§ **Data**:
-- Opening Marker --

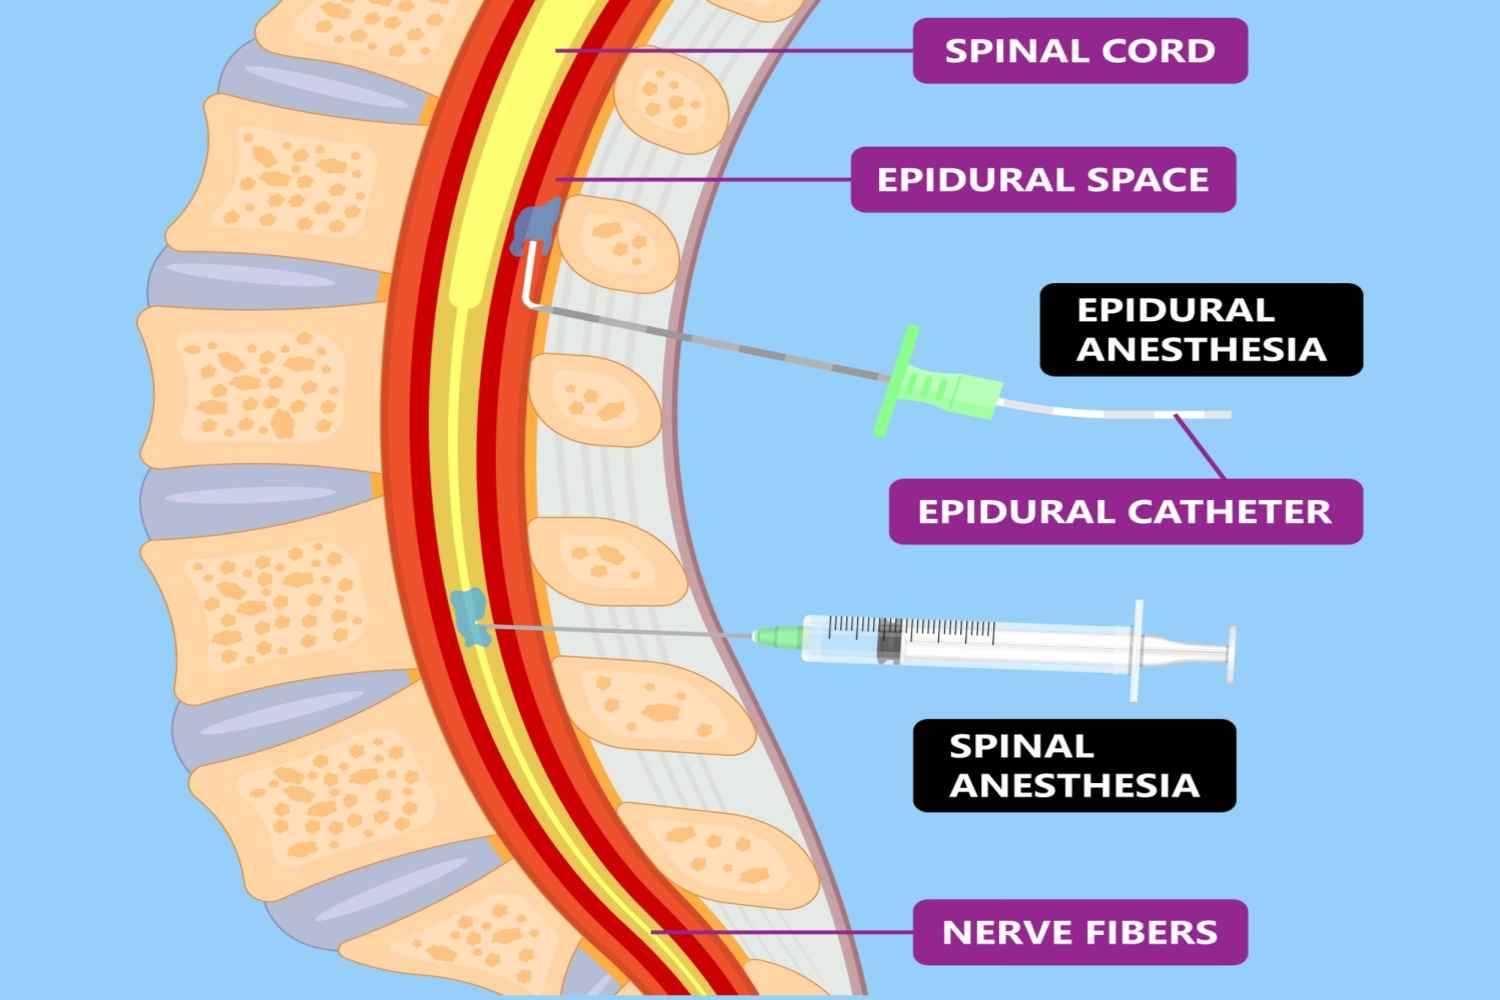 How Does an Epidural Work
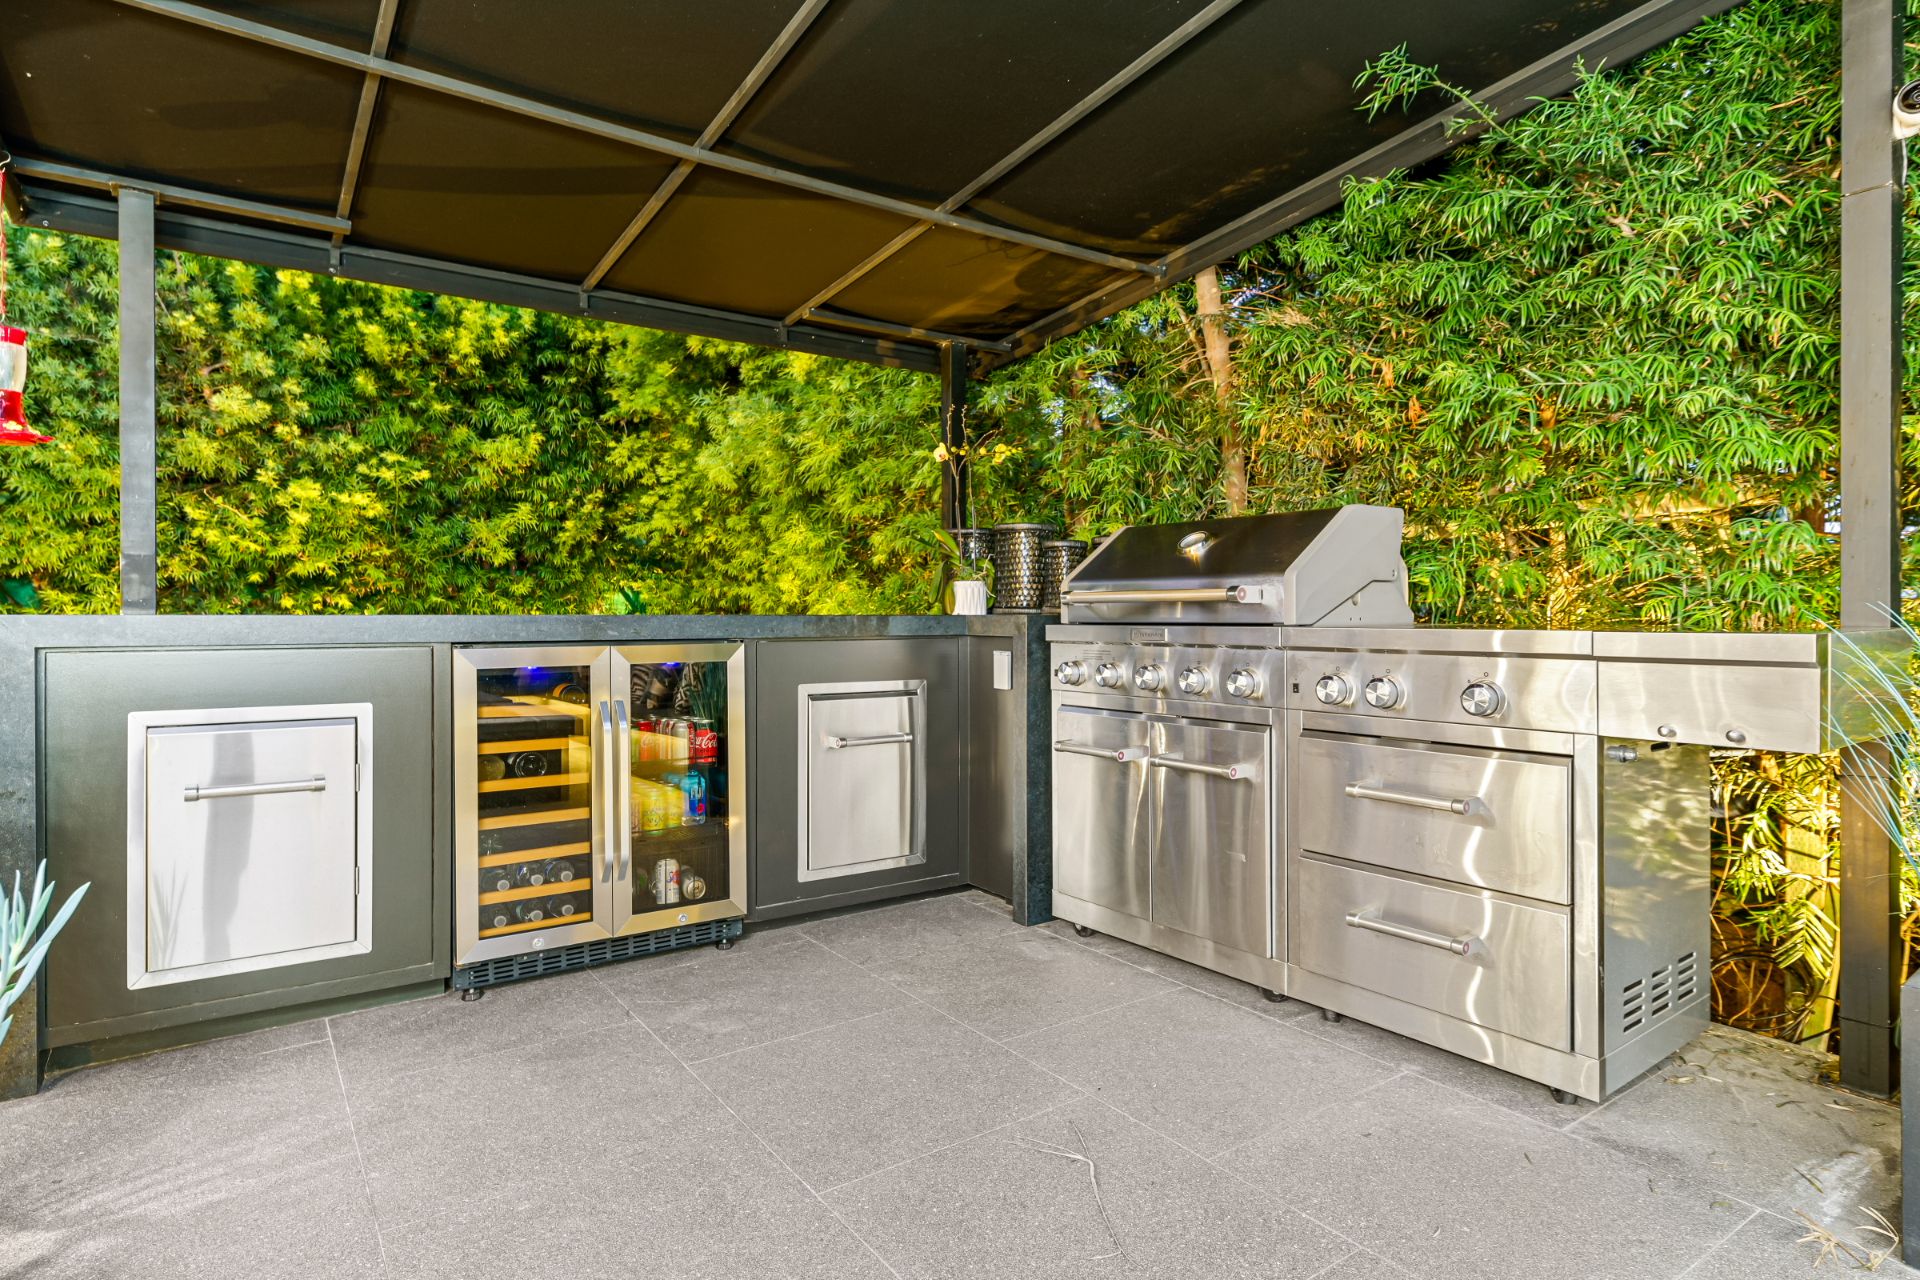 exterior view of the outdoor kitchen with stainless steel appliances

-- Closing Marker --
-- Opening Marker --

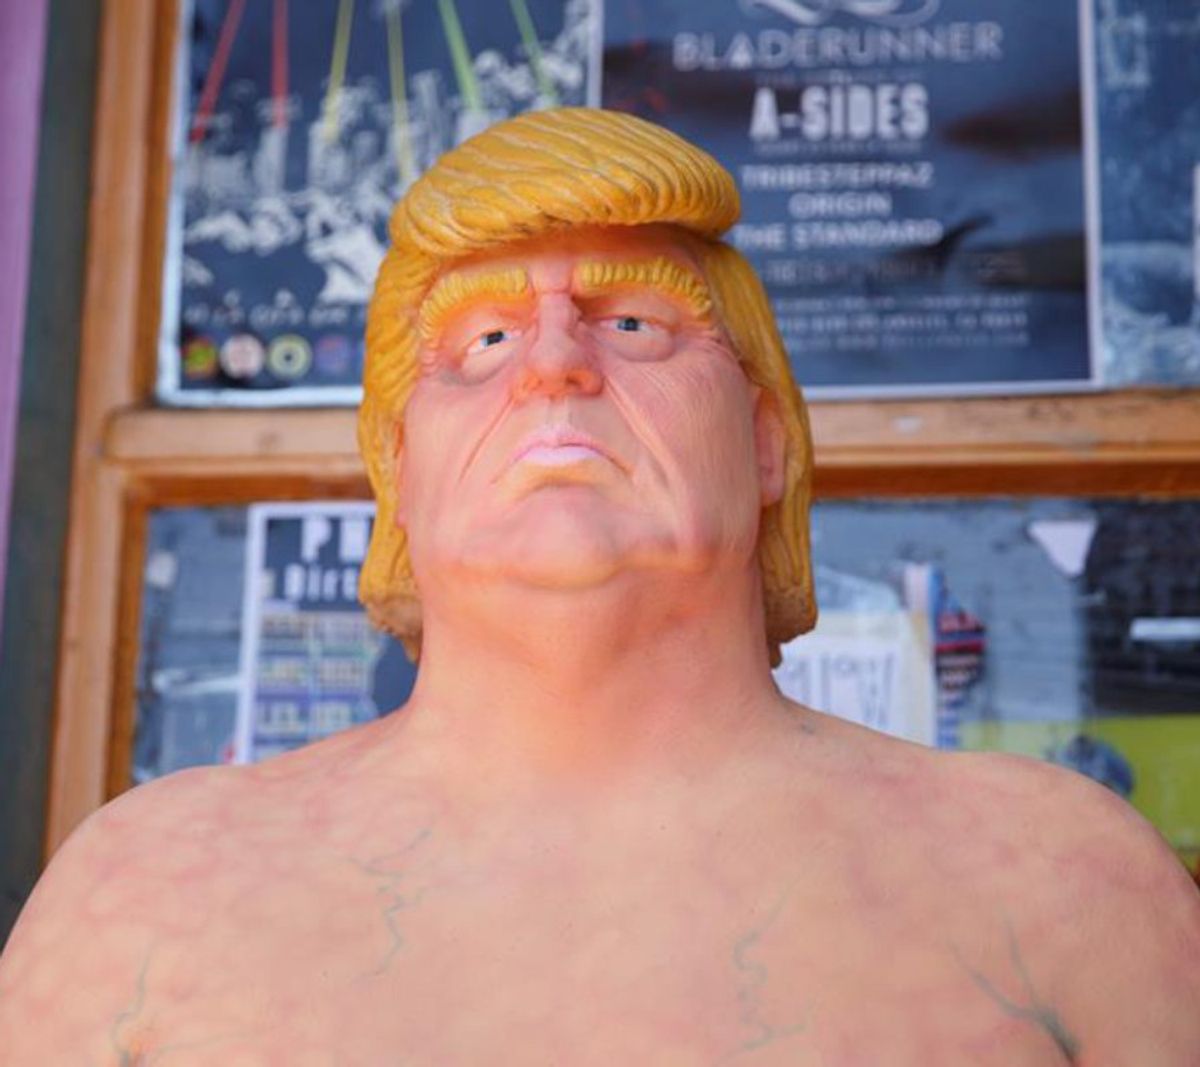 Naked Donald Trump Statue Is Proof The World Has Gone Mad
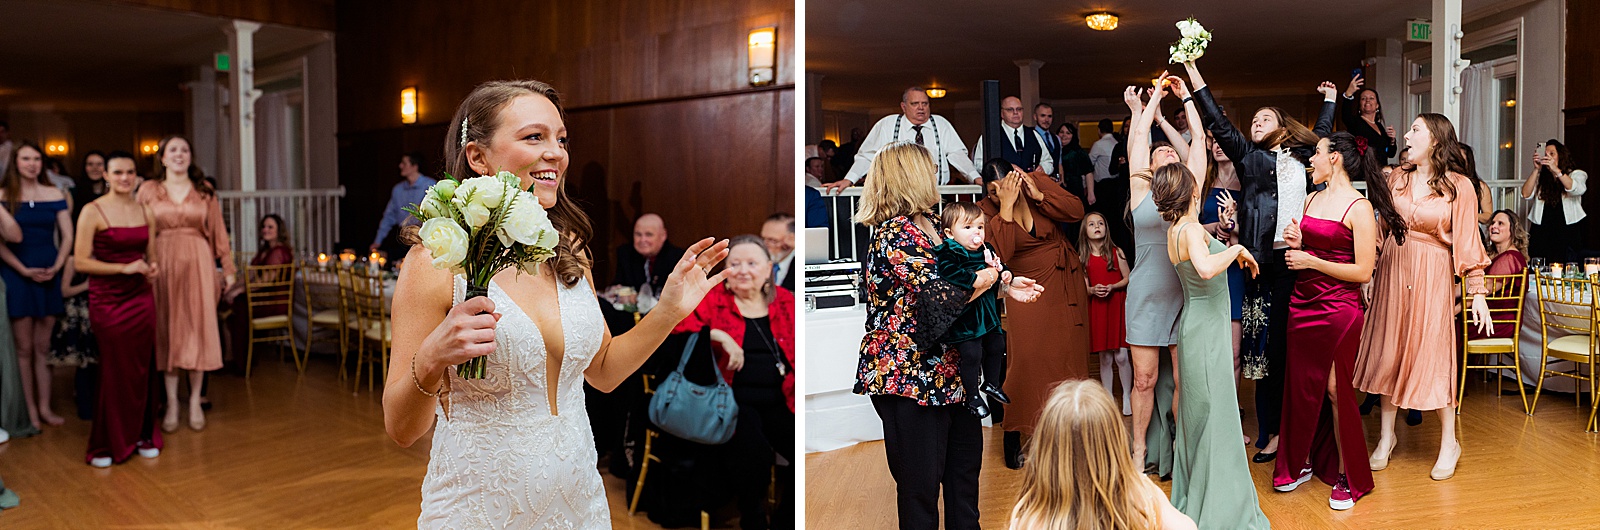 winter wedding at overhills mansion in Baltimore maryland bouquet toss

-- Closing Marker --

§ **Problem statement**:
The data above holds the lines to copy: start at the one with "Naked Donald Trump", stop at the one with "winter wedding at", include both, copy them exactly without pictures, and copy nothing else.

§ **Task result**:
 Naked Donald Trump Statue Is Proof The World Has Gone Mad
 winter wedding at overhills mansion in Baltimore maryland bouquet toss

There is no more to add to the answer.